I may be forced to try all of the above. Which...could take a while. But, I'm fopeful that my thinking on this problem will not be wasted.  I'll keep you all posted.

Comments

1

Am guessing you have a BJOL subscription amigo?  If so, here is his article explaining that he fought City Math Hall for 20 (!) years before deciding that a "points" system was the "right" way to do it for starting pitchers.  'course, Bill wasn't a math major, so simple addition and subtraction per event was a paradigm comfortable to him...

Still and all, the results were dazzling.  The #1 Starting Pitcher Rankings are everything we could ask of the FIDE rating system, both as to order and as to proportion and gaps.  As Elo said, chessplayers will tend to accept a system that falls in line with their own subjective impressions ...

You are intent on a H2H-driven system as Arpad Elo used, so will be interesting to watch you triangulate it.  Maybe when you solve it, you'll have a proprietary-class tool there?  Wondering how well it would apply in the minors ... automatic normalization for strength of sked...

2

I note that James believes the strength of schedule is transient and constantly changing, and thus, we shouldn't spend our time trying to correct for it.  I currently believe he is incorrect in his assessment there, because (and I've shown this in the past) the strength of opposition doesn't necessarily even out over time, and because some players are actually better at "playing up" to tougher competition than others, I've observed.  It is possible that, when all of my efforts are completed and I have an Elo formula, I will discover that those things matter less than I believe they do...and James played with his tool for a long time, so maybe I'm barking up a tree he already cut down.  But I thought I should state my starting biases in thought and explain why I'm even doing any of this. :)

3

We used to listed to ELO a lot, way back in college.  Late 70's, as you know.

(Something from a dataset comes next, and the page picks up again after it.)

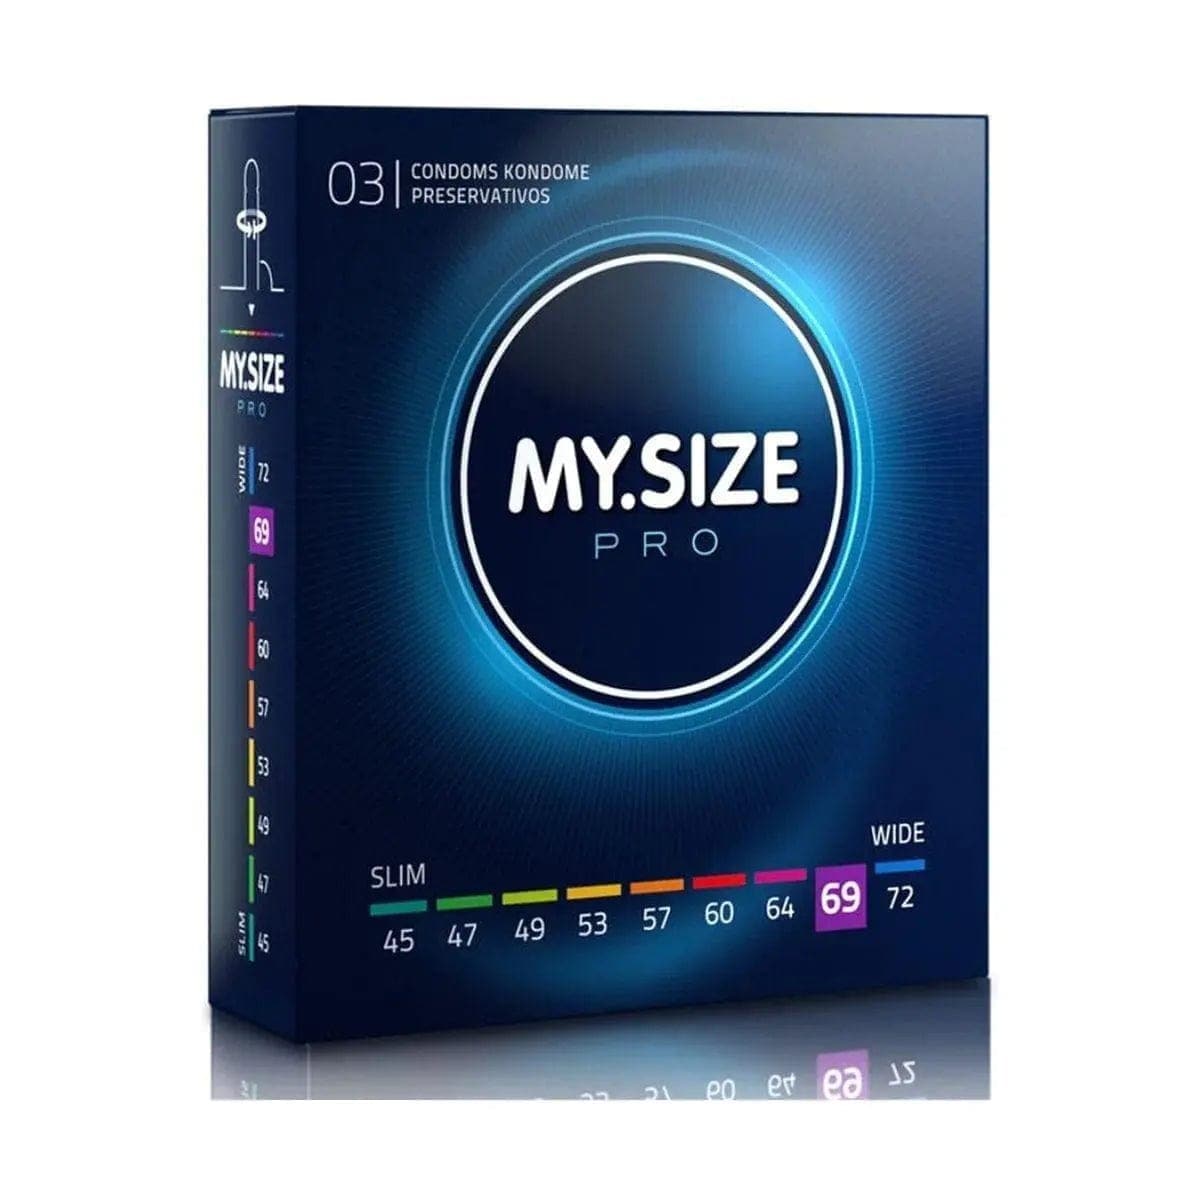 Preservativos XXL - My.Size 69mm - Melhor Ajuste e Sensibilidade  My.Size 3 preservativos  
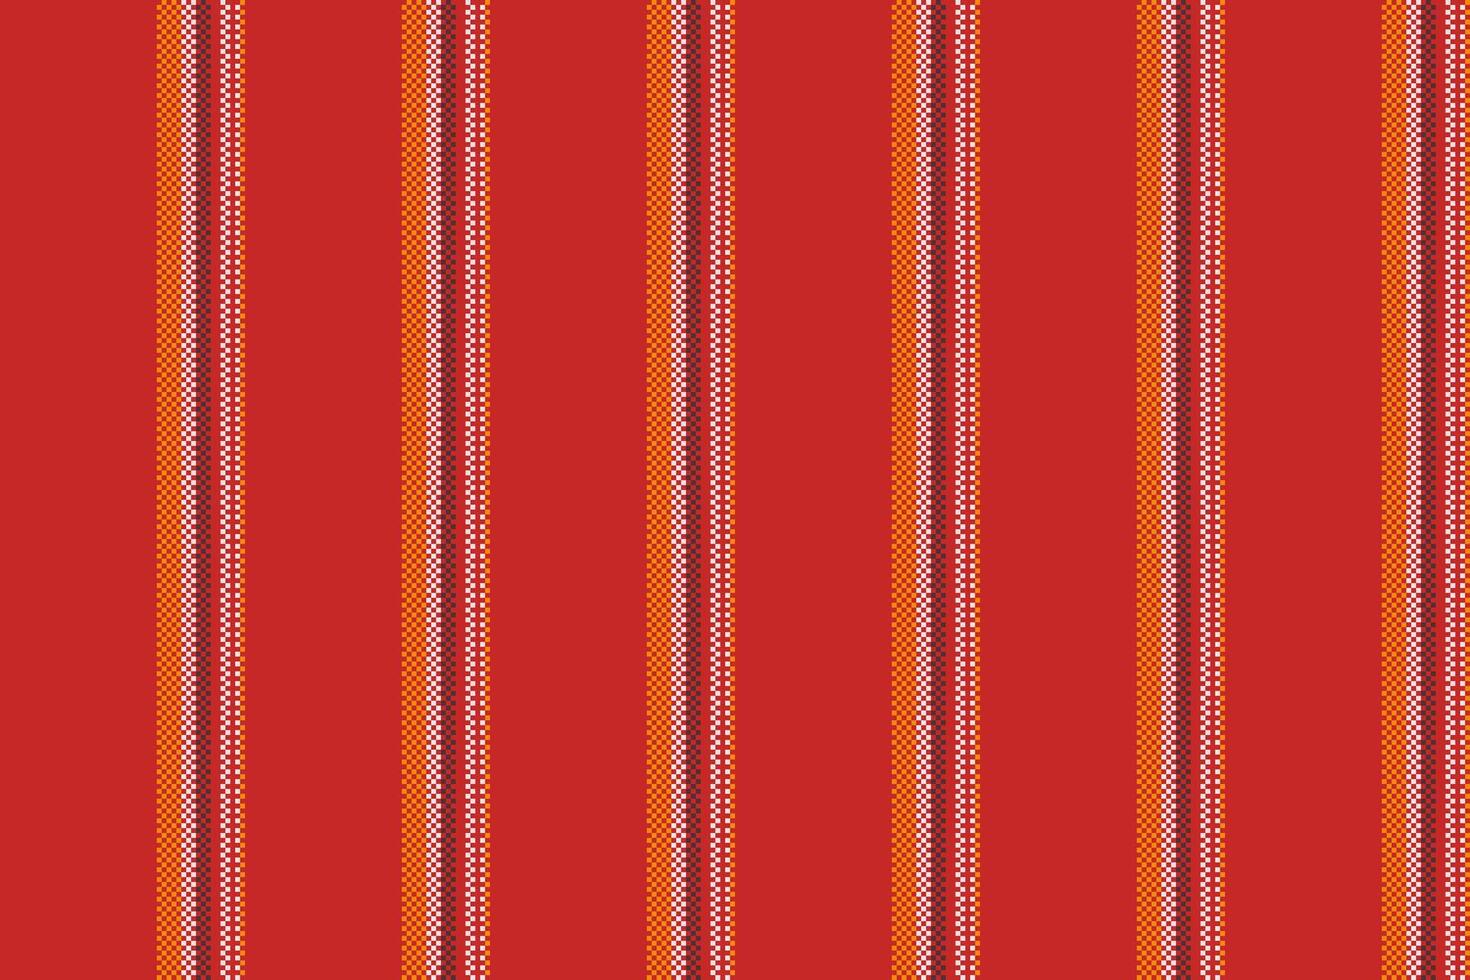 produktion rader bakgrund rand, franska vektor textur tyg. årgång vertikal sömlös textil- mönster i röd och vit färger.

Everybody loved Fire on High, of course. Evil Woman was a classic.  Strange Magic, Living Thing, Sweet Talking Woman, Mr. Blue Sky, etc....Great great stuff!

Wait?  You're not talking about THAT ELO?  Not Electric Light Orchestra?

Well crud.  Drats, Matty!  I thought you and I were musical brothers!!  :)

Well here you go, anyway:  https://www.youtube.com/watch?v=xfBUVpGvOOs

Cut to 2:30 to avoid the spacy stuff and get to the ripping riffs!

Evil Woman here:  https://www.youtube.com/watch?v=R20f-TPKjzc

Sorry Matt, couldn't resist.  :)

6

Thing I can't remember, was their place in the disco evolution.  Inspired it?  Got in on the cusp?  Disavowed it under pain of torture?  They were a livin' thing, babe...

Wonder too, whether they were an influence for the 'Techno' bands that came later.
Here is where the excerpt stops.